I am using Apache Tika 1.9 and content extraction working awesome.

The problem I am facing is with pages. I can extract total pages from document metadata. But I can't find any way to extract content per page from the document.

I had searched a lot and tried some solutions suggested by users, but did not work for me, may be due to latest Tika version.

Please suggest any solution or further research direction for this.

I will be thankful.

NOTE: I am using JRuby for implementation

Solution

Here is the class for custom content handler that I created and which solved my issue.
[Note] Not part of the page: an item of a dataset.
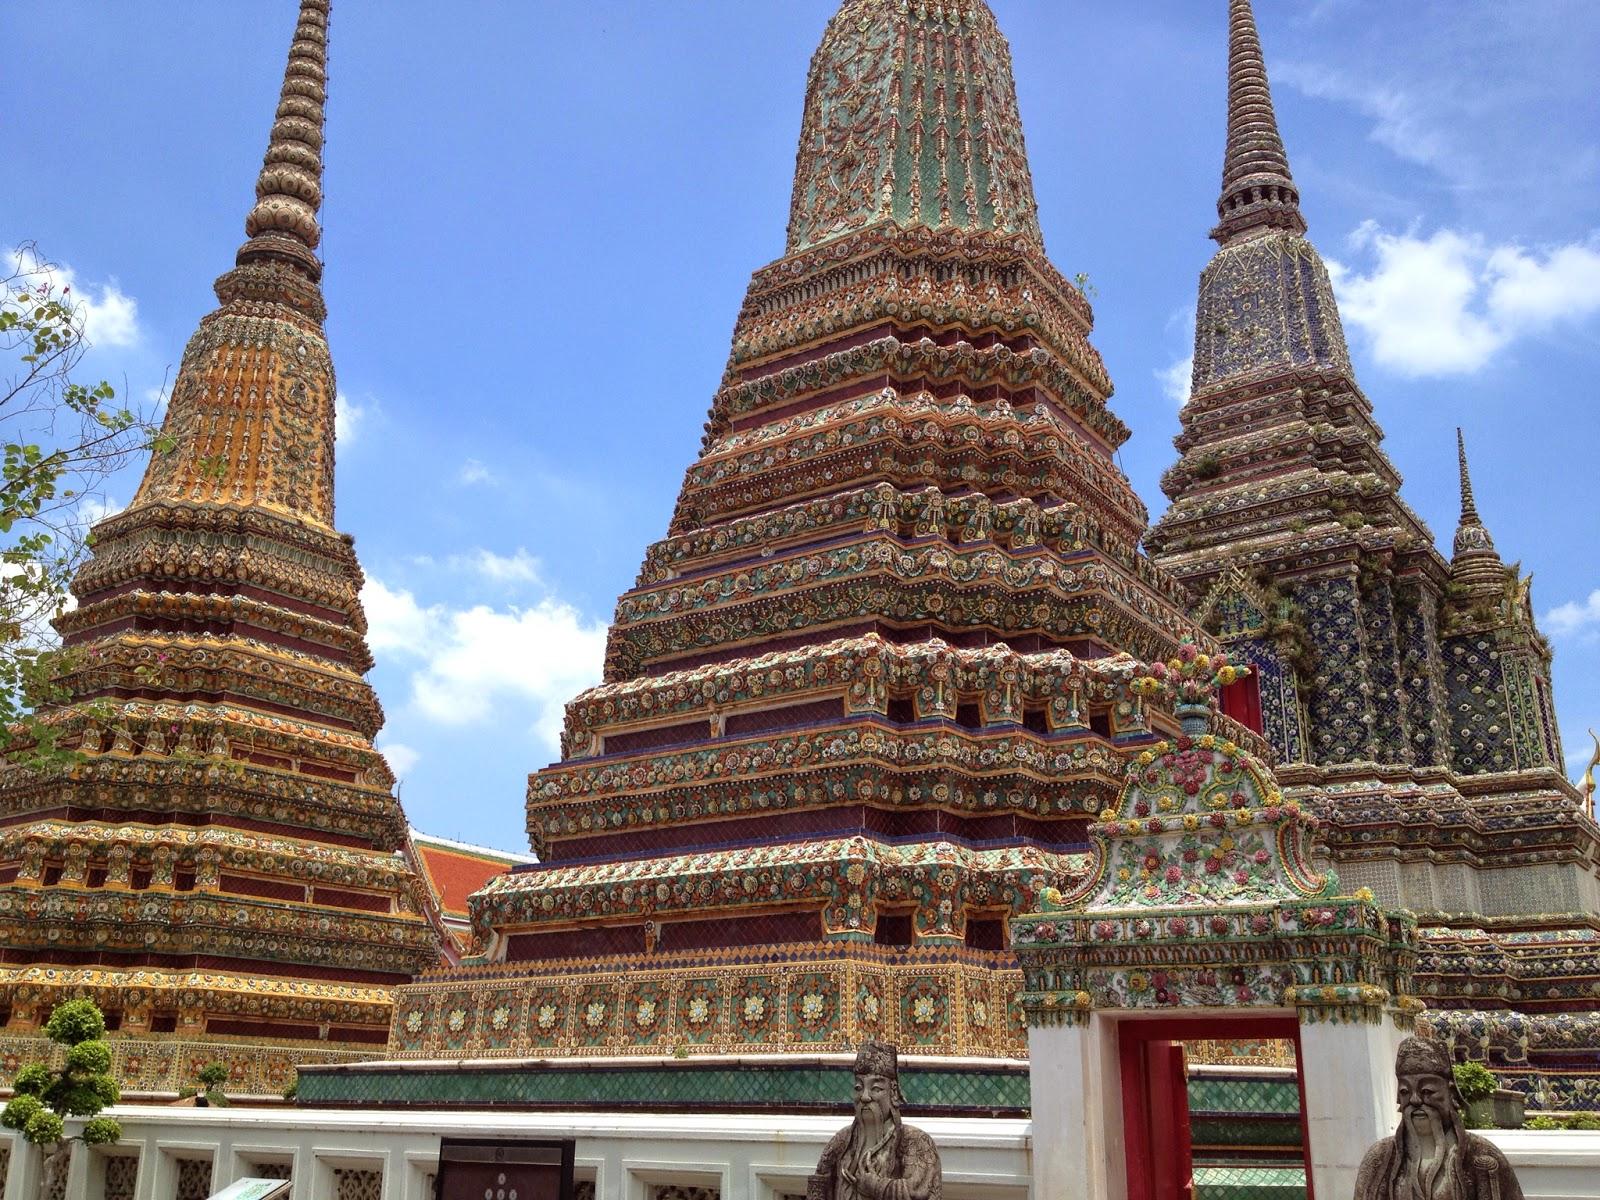 Bangkok - Wat Pho - Four massive chedis

class PageContentHandler < ToXMLContentHandler
        attr_accessor :page_tag
        attr_accessor :page_number
        attr_accessor :page_class
        attr_accessor :page_map

        def initialize
          @page_number = 0
          @page_tag = 'div'
          @page_class = 'page'
          @page_map = Hash.new
        end

        def startElement(uri, local_name, q_name, atts)
          start_page() if @page_tag == q_name and atts.getValue('class') == @page_class
        end

        def endElement(uri, local_name, q_name)
          end_page() if @page_tag == q_name
        end

        def characters(ch, start, length)
          if length > 0
            builder = StringBuilder.new(length)
            builder.append(ch)
            @page_map[@page_number] << builder.to_s if @page_number > 0
          end
        end

        def start_page
          @page_number = @page_number + 1
          @page_map[@page_number] = String.new
        end

        def end_page
          return
        end
      end

And to use this content handler, here is the code:

parser = AutoDetectParser.new
handler = PageContentHandler.new
parser.parse(input_stream, handler, @metadata_java, ParseContext.new)
puts handler.page_map